The components of the Lie derivative of a 2-covariant tensor are

$$(L_X T)_{\mu\nu}=X^\lambda \partial_\lambda T_{\mu\nu}+T_{\lambda\nu}\partial_\mu X^\lambda+T_{\mu\lambda}\partial_\nu X^\lambda.\tag{1}$$

It can be proved that if there is no torsion, i.e. the connection is symmetric, all partial derivatives in $(1)$ can be replaced by covariant derivatives.

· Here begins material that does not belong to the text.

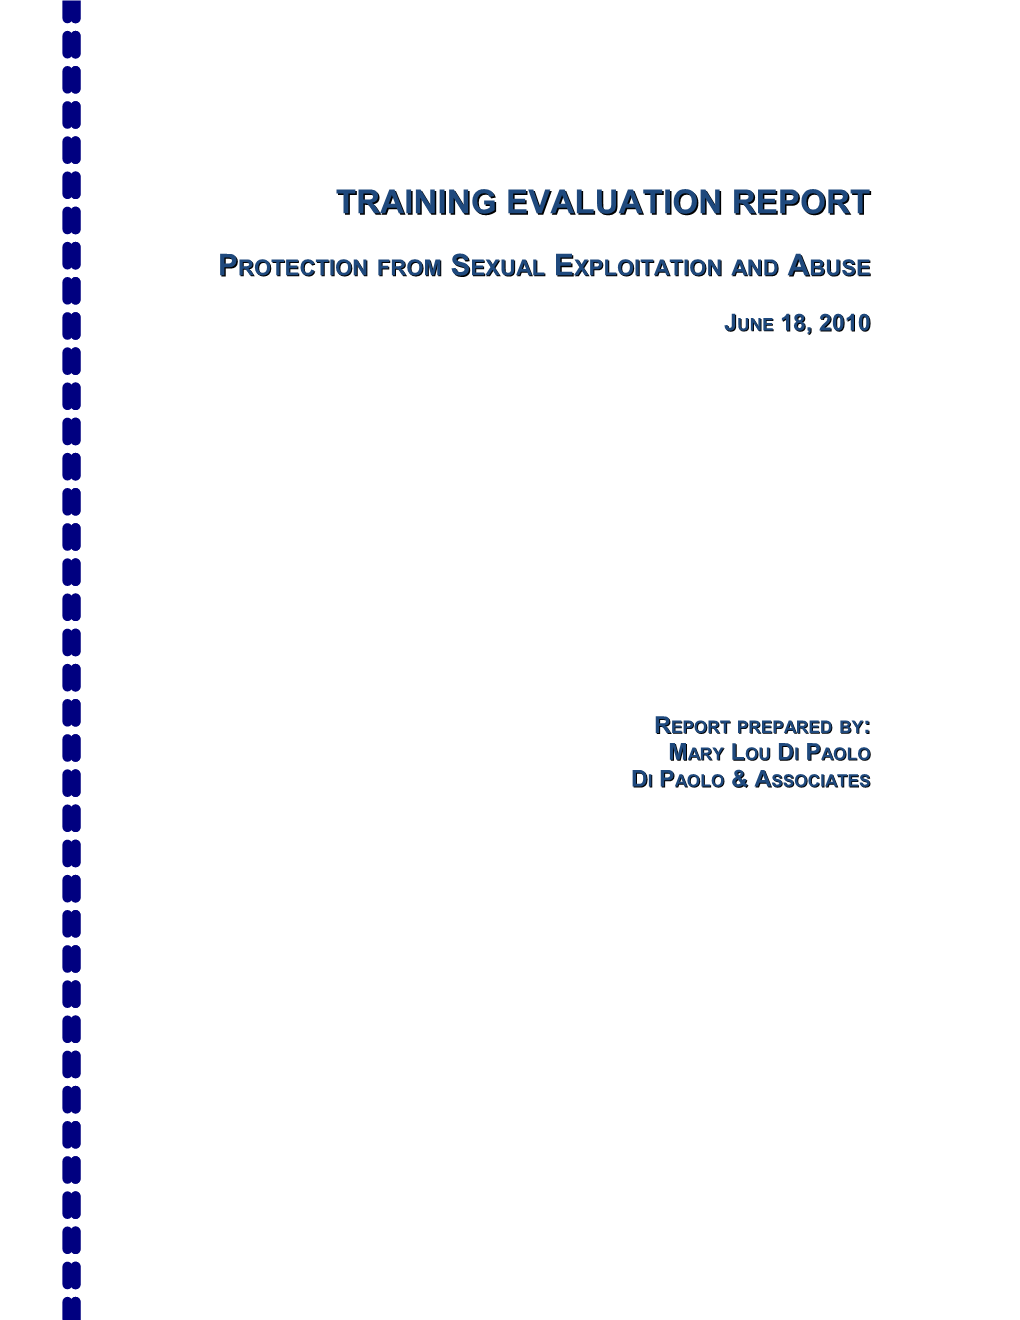 Summary Training Report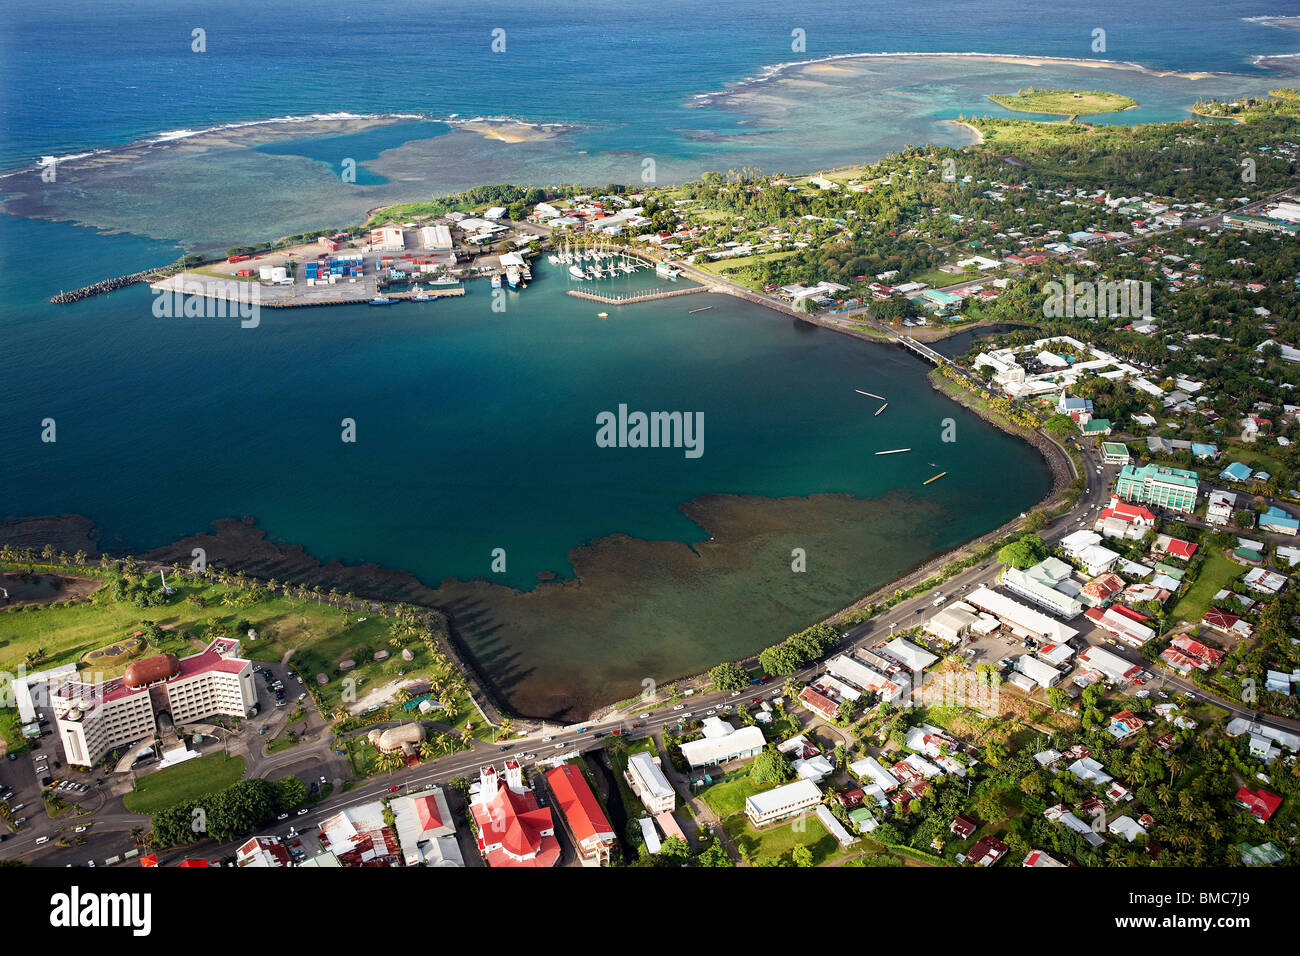 Vista aérea de la ciudad y del puerto de Apia, Upolu, Samoa Foto de stock

$$\Gamma^\mu_{\nu\lambda}=\Gamma^\mu_{\lambda\nu}\Leftrightarrow(L_X T)_{\mu\nu}=X^\lambda \nabla_\lambda T_{\mu\nu}+T_{\lambda\nu}\nabla_\mu X^\lambda+T_{\mu\lambda}\nabla_\nu X^\lambda \tag{2}$$

Besides, the covariant derivative of the metric tensor is $0$, so $$(L_X g)_{\mu\nu}=X^\lambda \nabla_\lambda g_{\mu\nu}+g_{\lambda\nu}\nabla_\mu X^\lambda+g_{\mu\lambda}\nabla_\nu X^\lambda=\nabla_\mu(g_{\lambda\nu}X^\lambda)+\nabla_\nu(g_{\mu\lambda}X^\lambda)=\\=\nabla_\mu X_\nu+\nabla_\nu X_\mu,$$

then $$L_X g=0\Leftrightarrow\nabla_\mu X_\nu+\nabla_\nu X_\mu=0.$$

Regarding your last questions:

  1. $g_{\mu\nu}$ can't be seen as a scalar function.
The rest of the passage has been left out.